4. Activities and art at every corner
BassCenter additionally provided an endless amount of options to pass one’s time outside of just the music. From games and booths to massages and a gift alter in The Haven, every corner of the Mothership seemed to provide a new adventure. The Lots was an enhanced gathering space outside the venue, was complete with renegade sound systems, pop-up arts & crafts fair, and guest performances. The Center itself was akin to a teeming bazaar of art, with painters showcasing their work live to a backdrop of curious spectators buzzing about.
5. The passionate community of bass heads is one of a kind
BassCenter is not a typical large-scale electronic music event. For one, it boasts an exceptional amount of love for community. Across all three days, you’ll see selfless bass heads practicing random acts of kindness and treating others with respect, gratitude and equality. Gifts from random strangers are a regular occurrence.
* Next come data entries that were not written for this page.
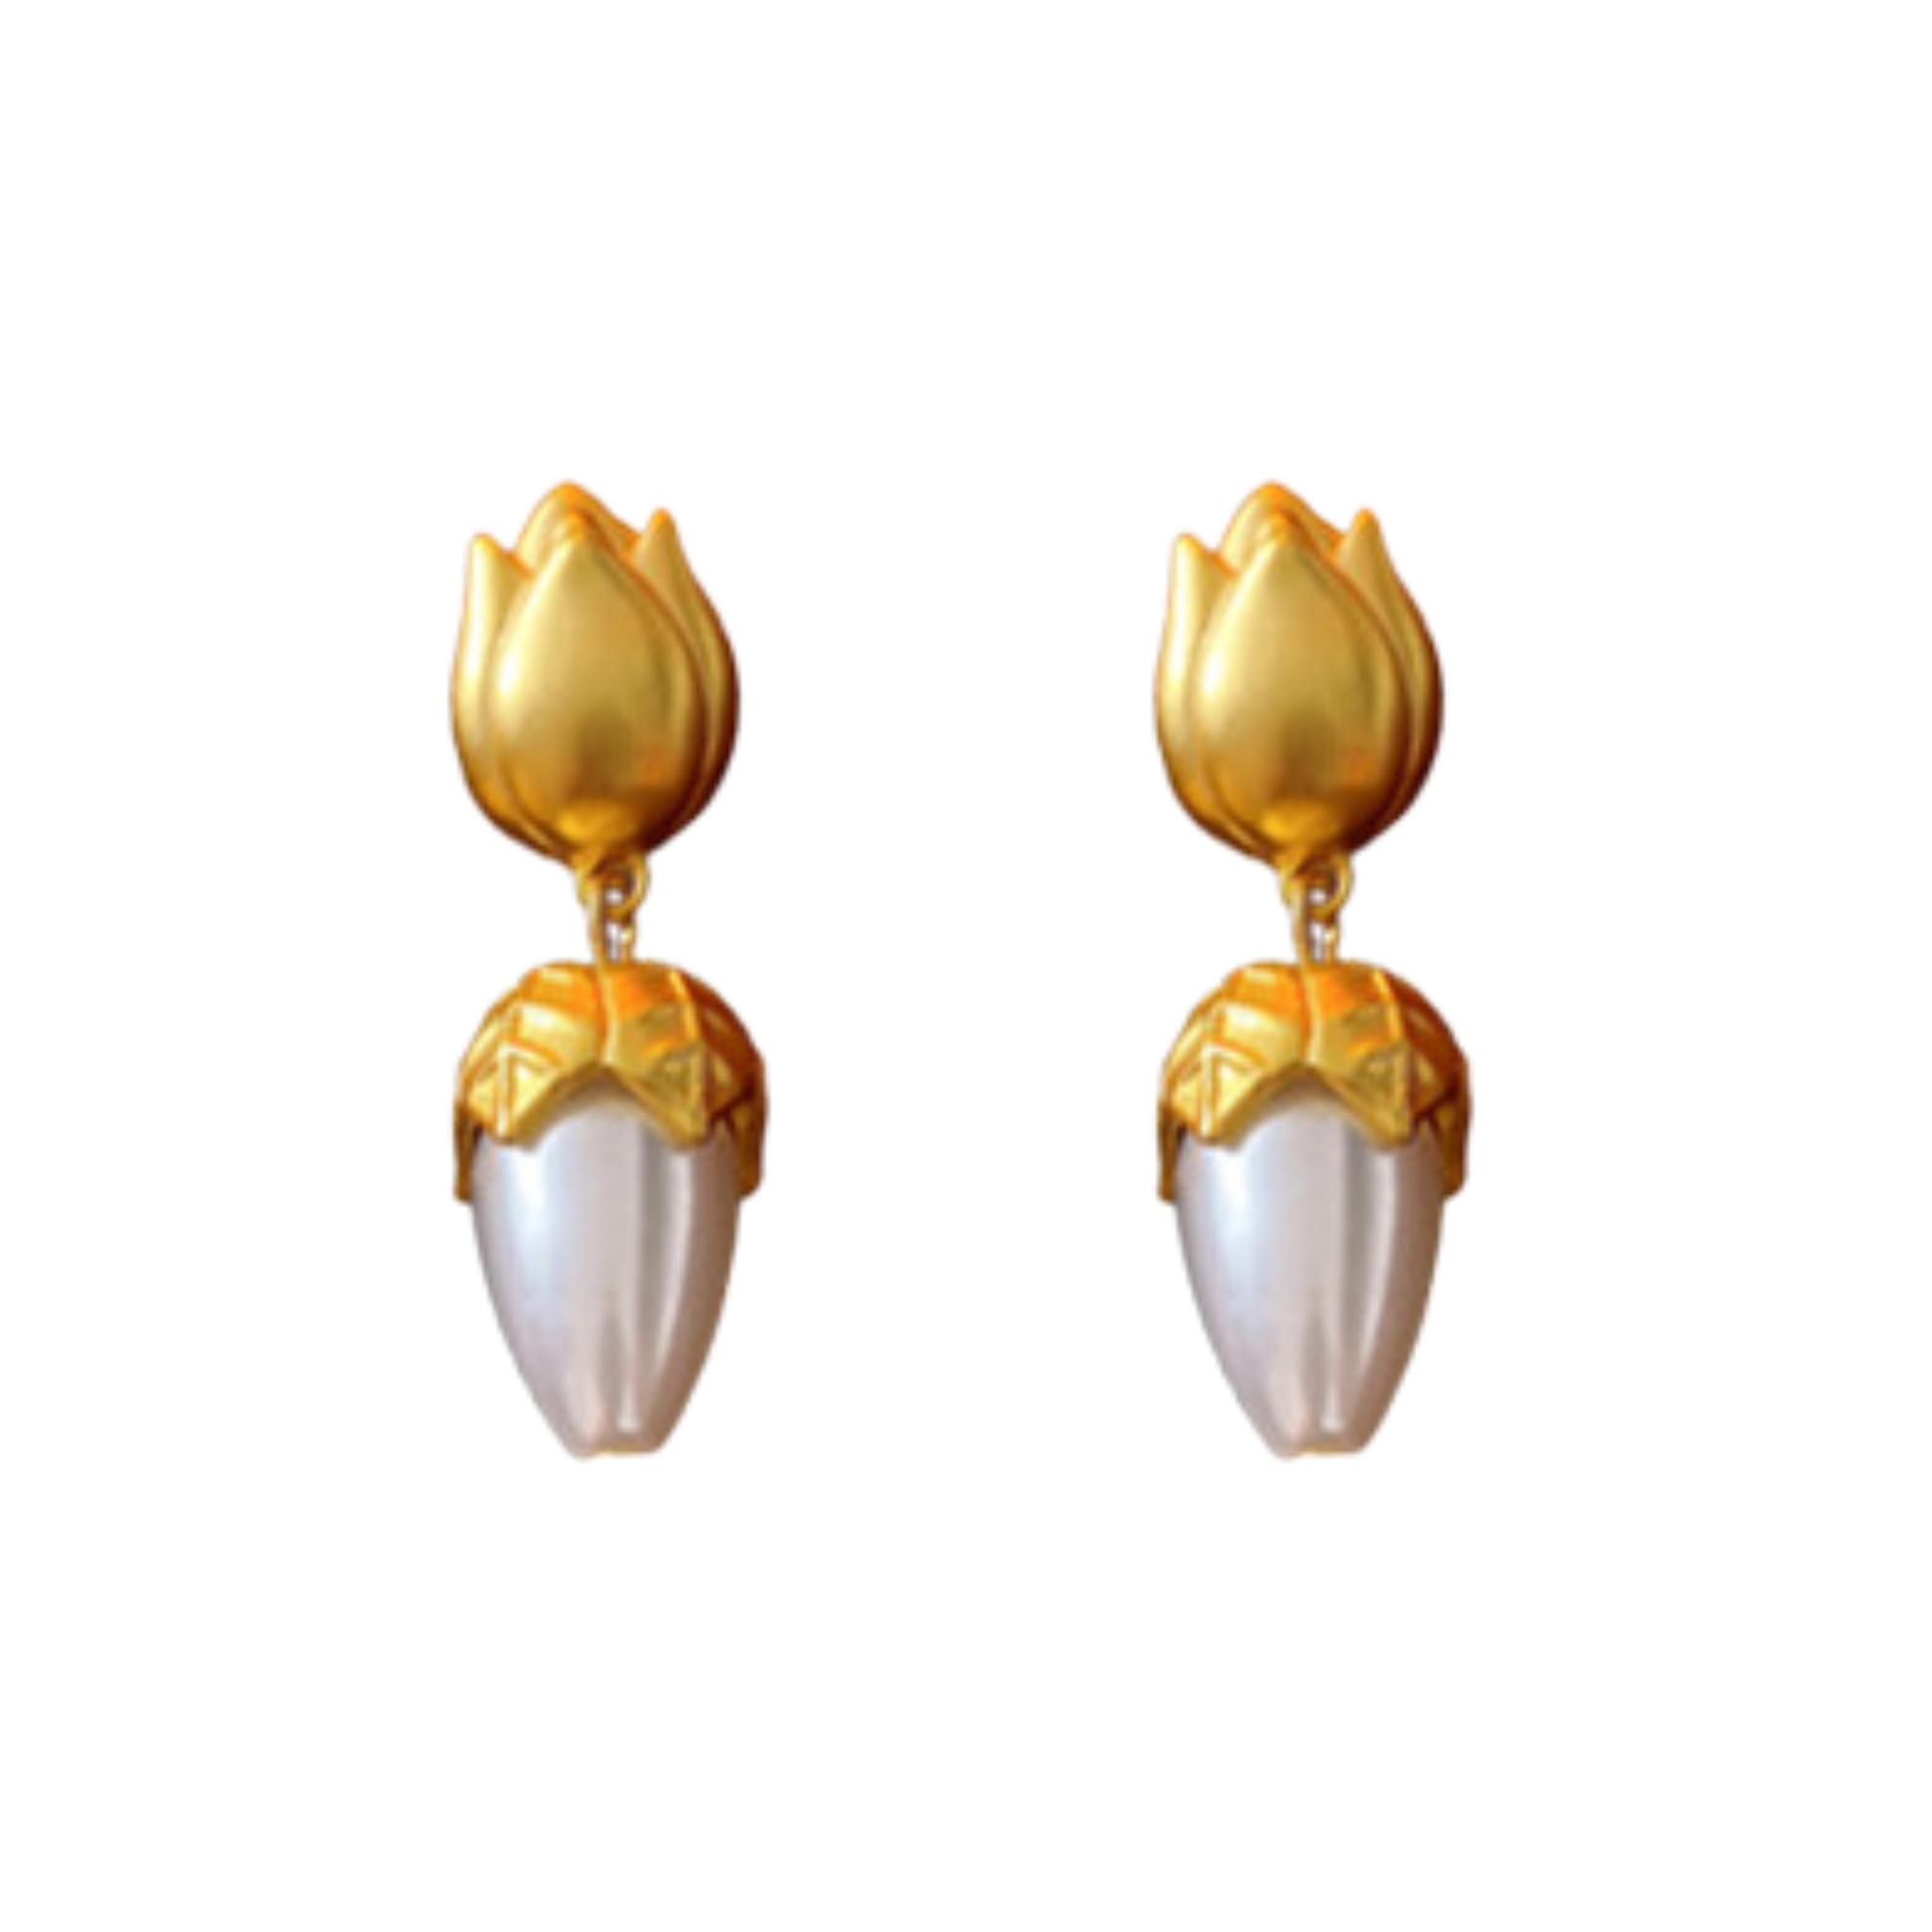 Tulip Drop Dangling Earrings - Pre Order: Ships Feb 29
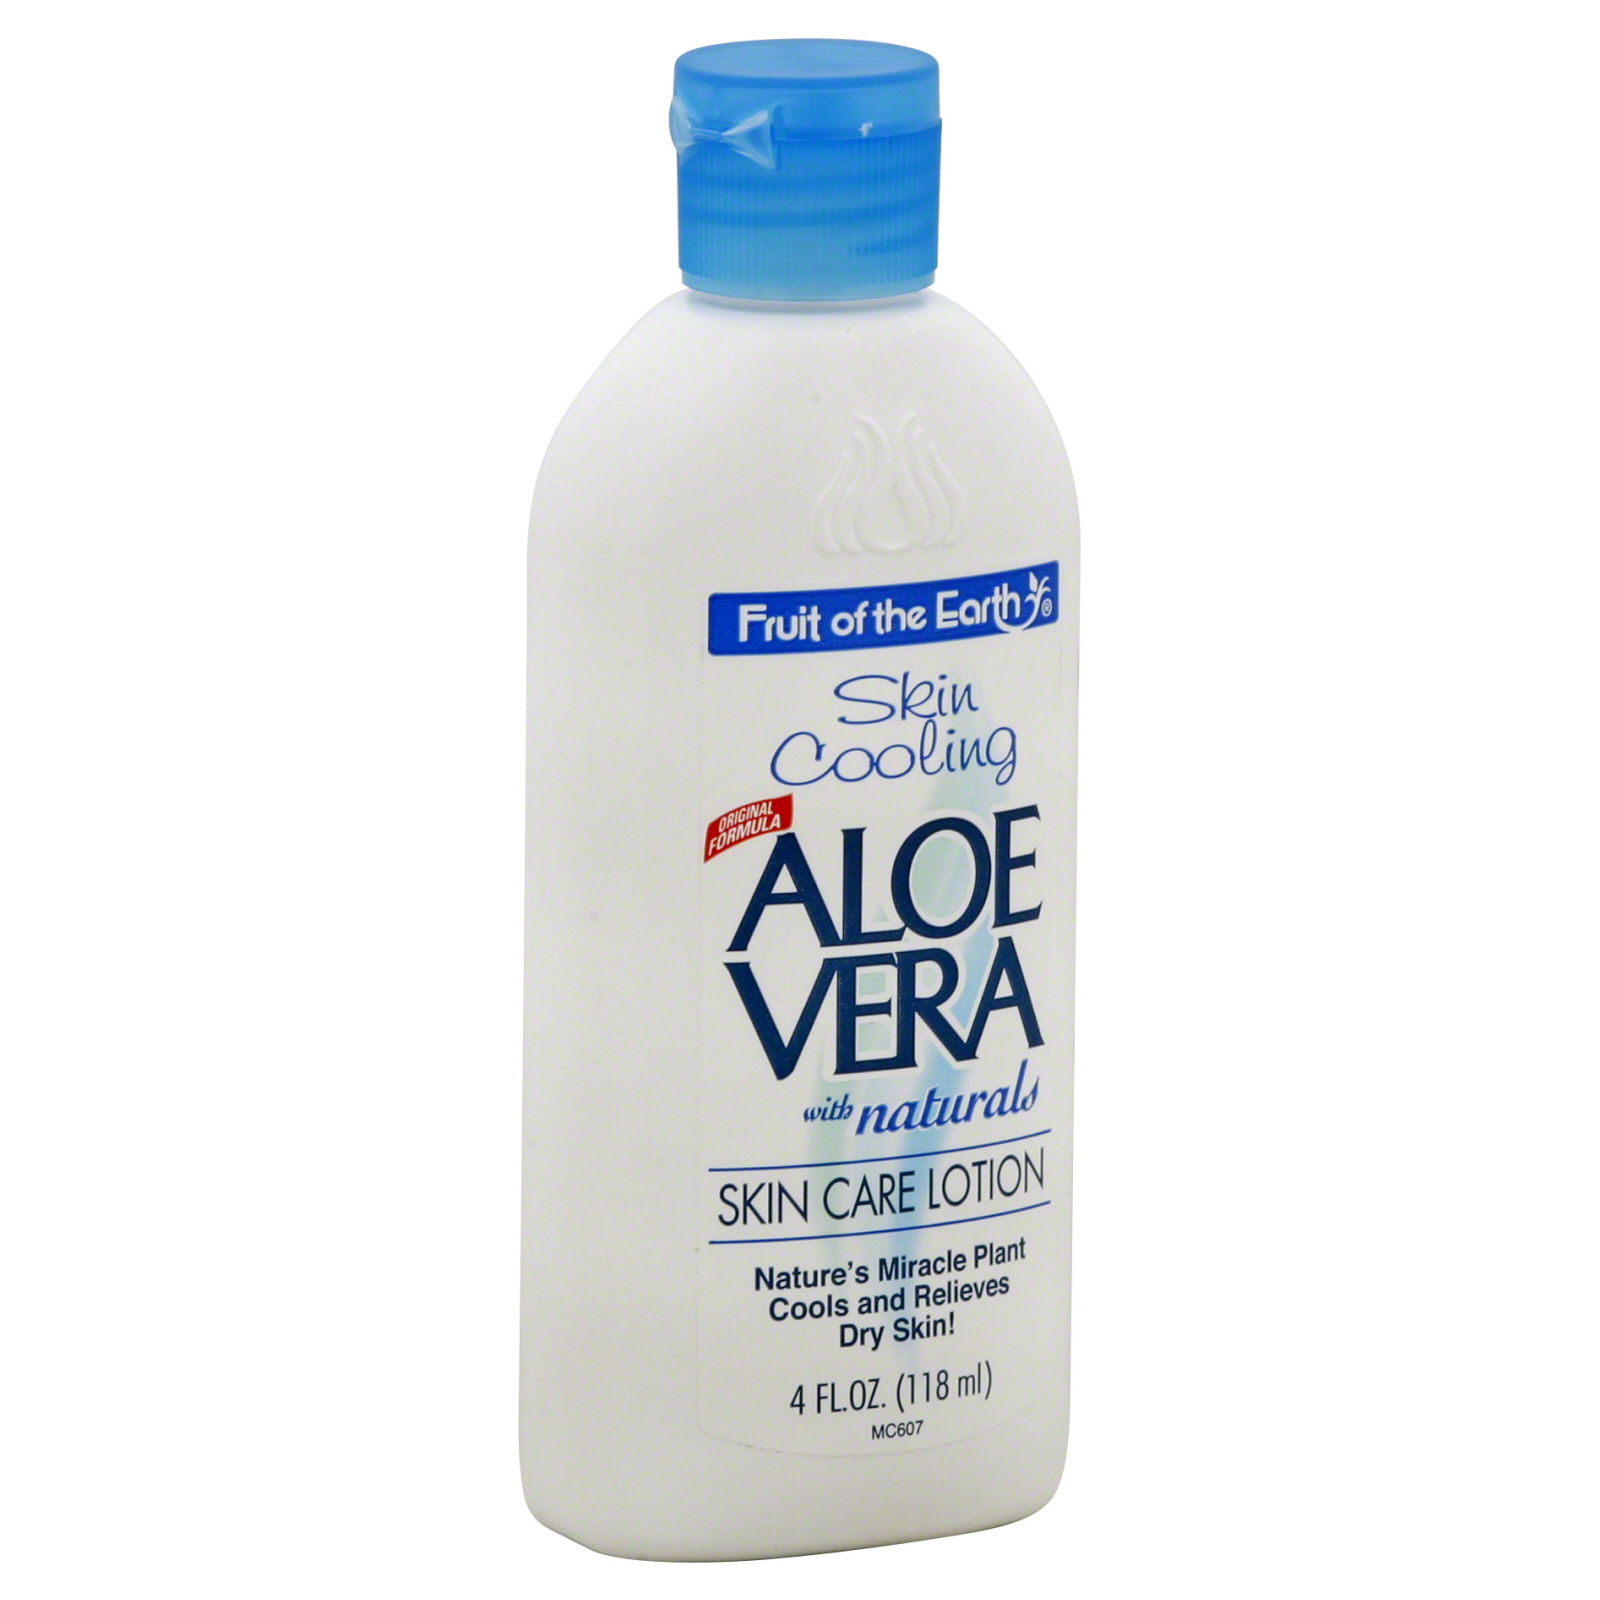 fruit of the earth skin care lotion  aloe vera  skin cooling  4 fl oz  118 ml
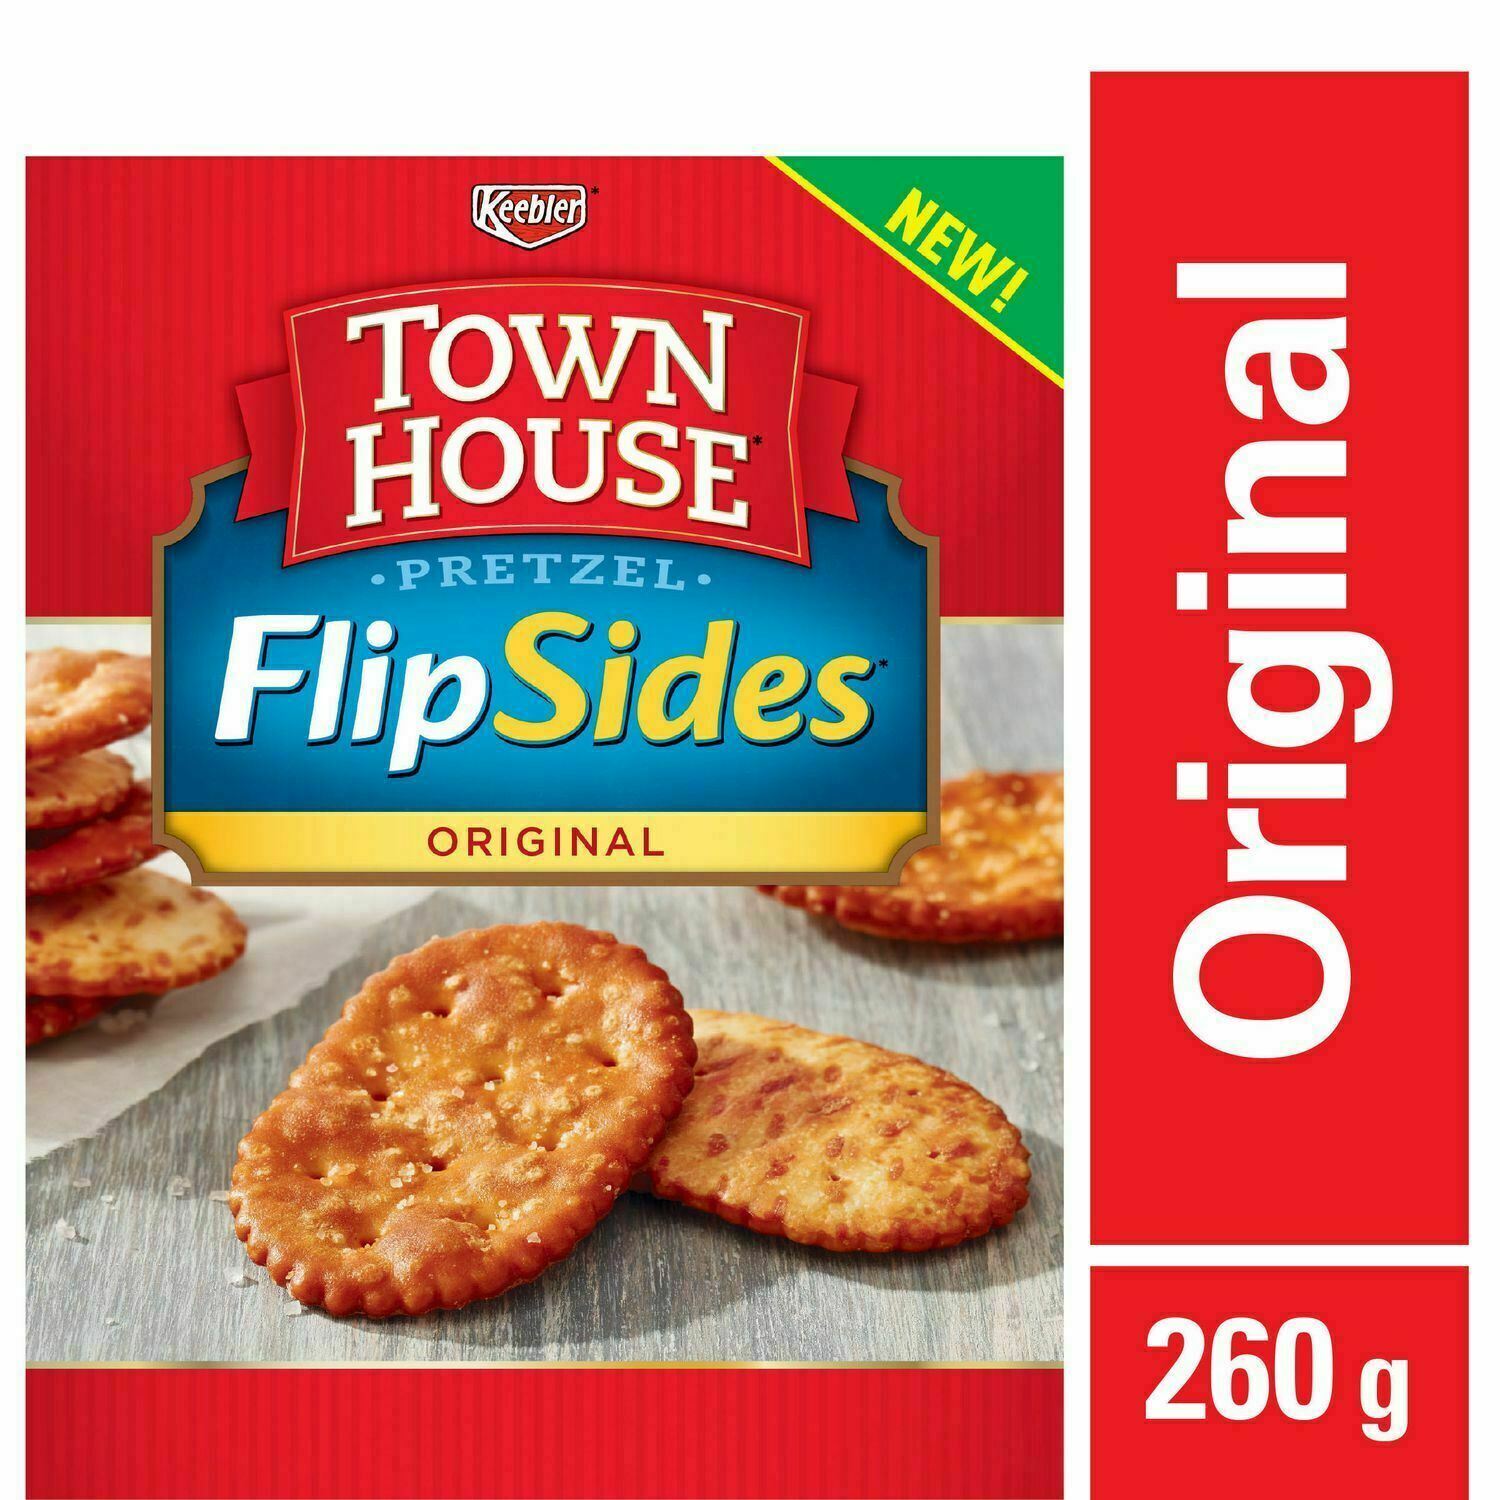 Keebler Town House Flipsides Original Crackers, 260g/9.2 Oz Snacks

Meeting your new best friend in the host hotel’s elevators is not unlikely. Trading kandi, smiles, and hugs with police officers is routine social practice. Any given show feels like Ashton’s very own pop-up hippie commune. These unified ravers are not only committed to chasing Lorin’s music all over the country, but to spreading his message of love and acceptance.
There’s Bassnectar festival sets, and then there’s Bassnectar curated events. The proof is in the pudding with BassCenter X, and seeing is believing if one wants to know – truly know – what this immersive community is really about. The next chance to commune with the progressive, fun-loving and wildly ostentatious Bassnectar community is New Years Eve in Atlanta, Georgia!